Lo que comenzó como una caminata tranquila terminó en tragedia cuando un hombre de California, de 37 años, falleció el 19 de mayo de 2026 tras quedar inconsciente en el sendero Kalalau, en Kauai, Hawái.
El incidente ocurrió alrededor de las 4:00 p.m. en el tramo expuesto junto al acantilado conocido como "Crawler’s Ledge", informó el Departamento de Policía de Kauai en un comunicado publicado el 20 de mayo.
Los transeúntes le practicaron reanimación cardiopulmonar (RCP) al senderista hasta que llegó el personal del Departamento de Bomberos de Kauai a bordo del helicóptero Air 1. Posteriormente —el joven del que se desconoce su identidad— fue trasladado al Hospital Memorial Samuel Mahelona, donde posteriormente fue declarado muerto.
Las autoridades esperan la autopsia para determinar la causa exacta de su fallecimiento. Sin embargo, las autoridades no sospechan de algún delito relacionado a su deceso.
"El Departamento de Policía de Kauai expresa sus condolencias a la familia y los seres queridos de la víctima en estos momentos difíciles", dijo el Departamento en el comunicado.
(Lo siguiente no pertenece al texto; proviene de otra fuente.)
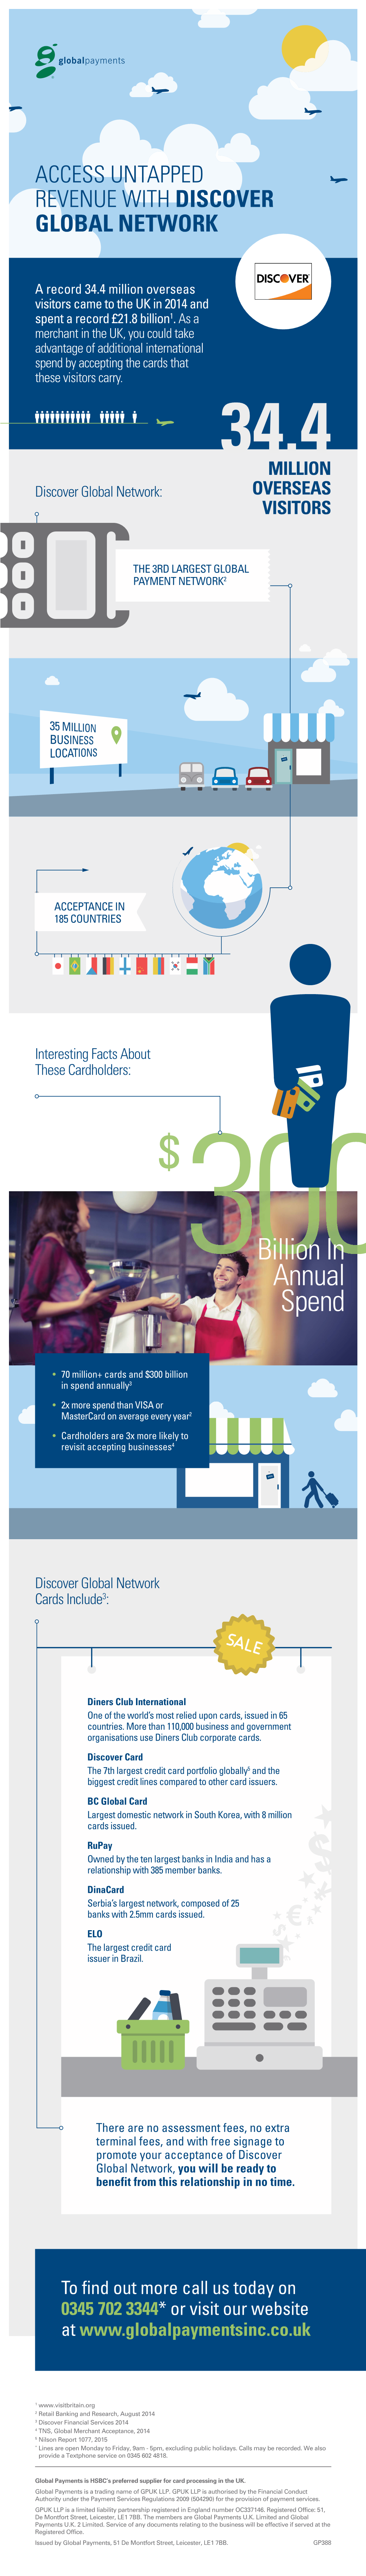 3003Billion in Annual Spend
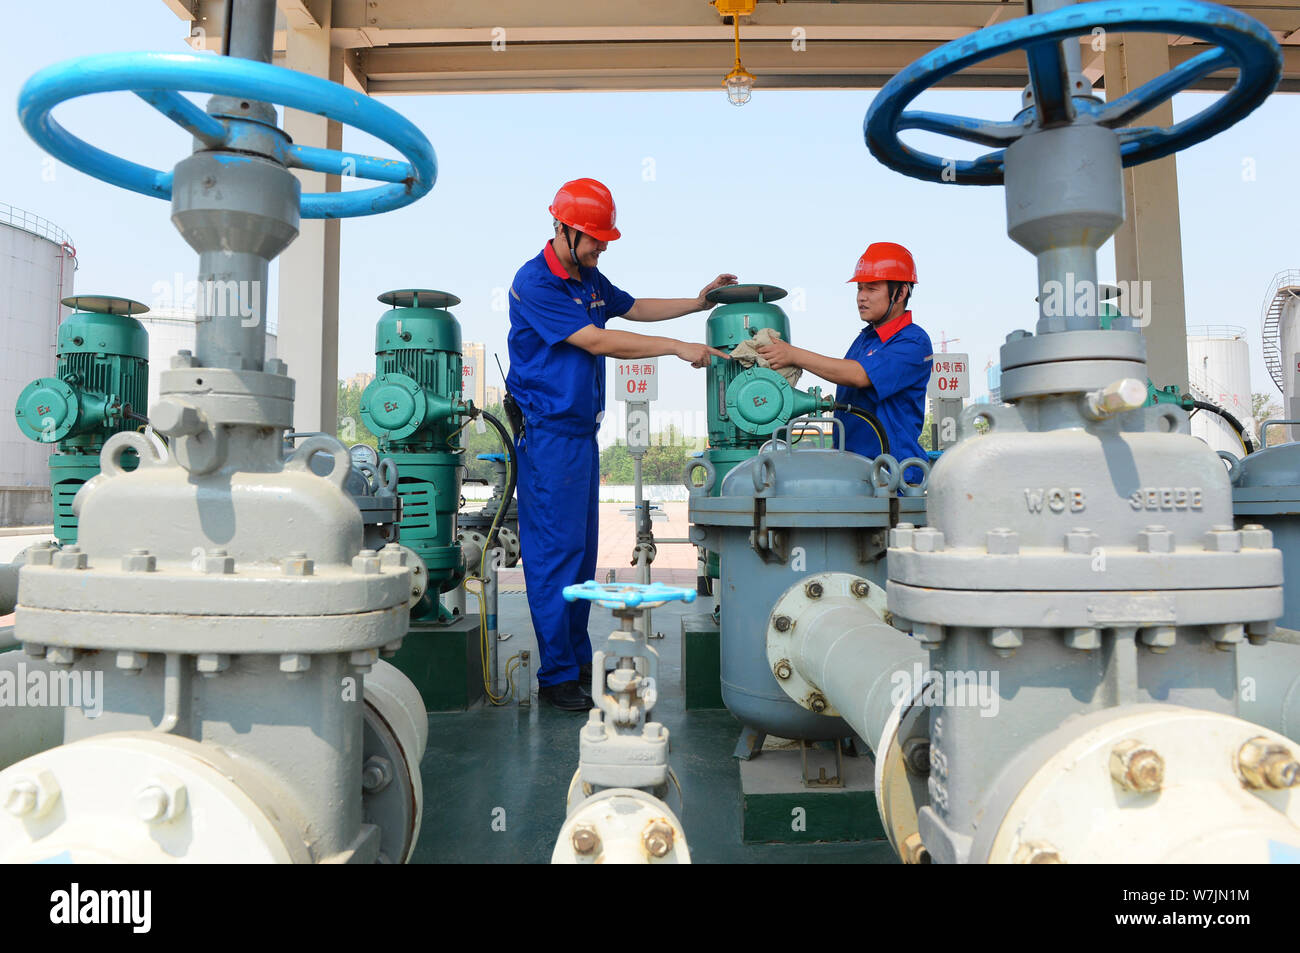 Die chinesischen Arbeiter Kraftstoffleitungen prüfen von ethanol Benzin und anderen Arten von Benzin an einer Tankstelle von Sinopec (China Petroleum & Chemical Corporation) in Stockfoto

Asimismo, los detectives del caso solicitaron que los testigos del incidente —o las personas que hayan ayudado con las maniobras de RCP— se ponga en contacto con las autoridades para aportar información que ayude a esclarecer las causas del fallecimiento del joven.
Kalalau es una de las rutas de senderismo más atractivas del mundo debido a sus impresionantes vistas de la costa de Na Pali, sus numerosas cascadas y sus playas de arena blanca. Sin embargo, esta enorme zona turística la convierte también en una de las rutas más peligrosas debido, en parte, a la constante erosión de sus acantilados.
"La gente tiene dificultades con algunos de los precipicios", afirma Kathy Valier, una residente de Kauai que ha escrito guías sobre senderismo en la isla, según la revista de senderismo Backpack. "El sendero es estrecho y desmoronado, y he hablado con muchas personas que se han caído o han presenciado caídas".
El sendero completo tiene una extensión de unos 18 kilómetros y cuenta con una regulación estricta para controlar el flujo de visitantes. Se requiere un pase de uso de un día para recorrer únicamente los primeros 3.2 km del trayecto. No obstante, si se desea continuar más allá de los primeros kilómetros es obligatorio contar con un permiso válido. Y según informa el portal Backpackers, solo se emiten 60 permisos por día.
Las autoridades locales recuerdan que la costa de Nāpali carece por completo de cobertura de telefonía celular y presenta múltiples riesgos ambientales para los que hay que estar preparado. El camino cuenta con tramos muy inestables debido a raíces, rocas sobresalientes y zonas resbaladizas por el lodo o piedras sueltas, por lo que se exige llevar calzado adecuado.
Asimismo, advierten firmemente no cruzar nunca un arroyo desbordado. Los arroyos de Hawái pueden pasar de ser corrientes suaves y cristalinas a torrentes profundos y fangosos en cuestión de minutos, por lo que se debe evitar cruzar corrientes rápidas si el nivel del agua está por encima de las rodillas.
Finalmente, las autoridades no recomiendan nadar, meterse en el agua, ni practicar bodysurf a menos que se sea un nadador experimentado y familiarizado con las condiciones locales, ya que el oleaje y las corrientes son sumamente variables y traicioneras, incluso durante el verano, y la zona no cuenta con salvavidas.